O exemplo permite entender as especificidades da operação de formalizar, e como ela se combina com a instrumentalização, produzindo inovações em termos de exploração e alienação do trabalho, com a criação de novos meios para viabilizar a acumulação. Caracteriza-se, portanto, a heterogestão como prática tipicamente capitalista, porque ligada à universalização da mais-valia relativa. Na dimensão organizacional, sua função é controlar a manifestação da diferença, mantê-la nos limites da organização capitalista do trabalho, impedir a ruptura. Na prática, essas fronteiras são estabelecidas pela gerência ou gestores, de modo a manter o controle sobre a diferença, reproduzindo indefinidamente o processo de trabalho capitalista.

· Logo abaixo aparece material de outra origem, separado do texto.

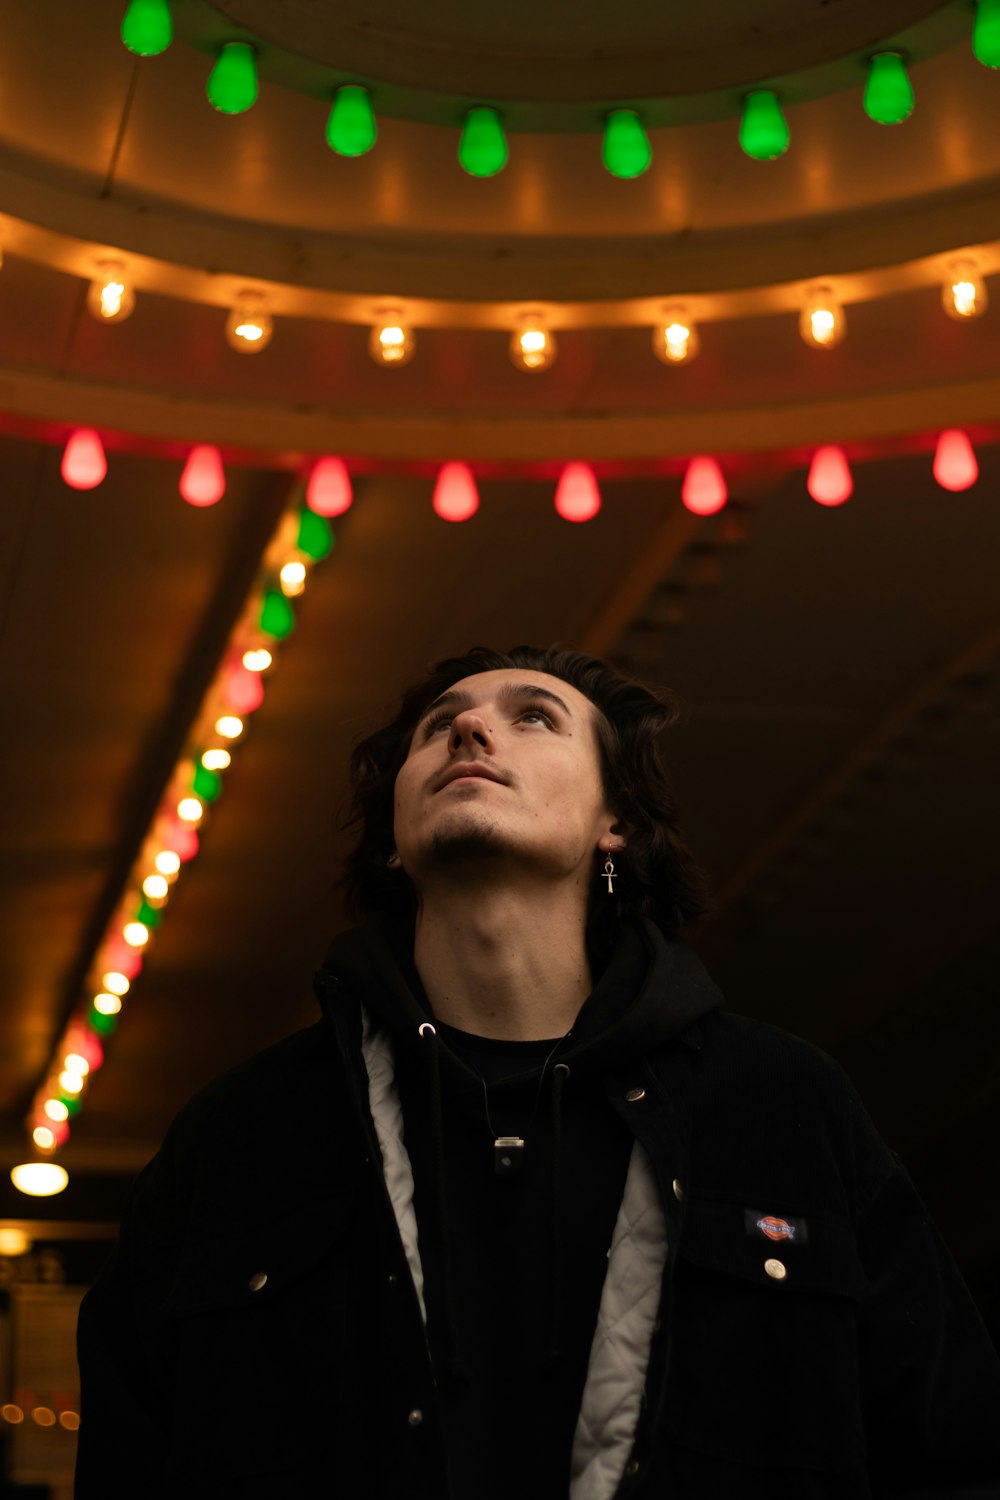 man in black jacket standing near lighted string lights

O ponto crucial aqui é entender que o estabelecimento das fronteiras da diferença, isto é, daquilo que será incluído e/ou excluído da organização constitui a substância da heterogestão. Assim, a proposta da autogestão como inversão da organização capitalista fará sentido se for extraída desta substância, por negação. Dada a equação ‘heterogestão = formalização + exploração e alienação’, a questão fundamental é saber se é possível negativar apenas um dos dois componentes da soma, sem prejuízo do resultado final: a autogestão.

Gutierrez (1988) construiu seu modelo pela via da inversão isolada do segundo termo da equação (exploração e alienação), por isso foi possível para ele defender a importância de um modelo formal. Entretanto, suas conclusões levam a crer que a formalização de um modelo é questionável, isto é, sua proposta pretende ser apenas uma referência, uma âncora cognitiva a partir da qual os sujeitos envolvidos no projeto de autogestão possam re-elaborar, re-formar, re-significar os conteúdos. Ou seja, operam a função de formalizar tal como gerentes e gestores, e, ao mesmo tempo, negam os conteúdos de exploração e alienação do trabalho desta mesma função. Nesses termos, parece haver um ponto comum entre heterogestão e autogestão dado pela função de formalização.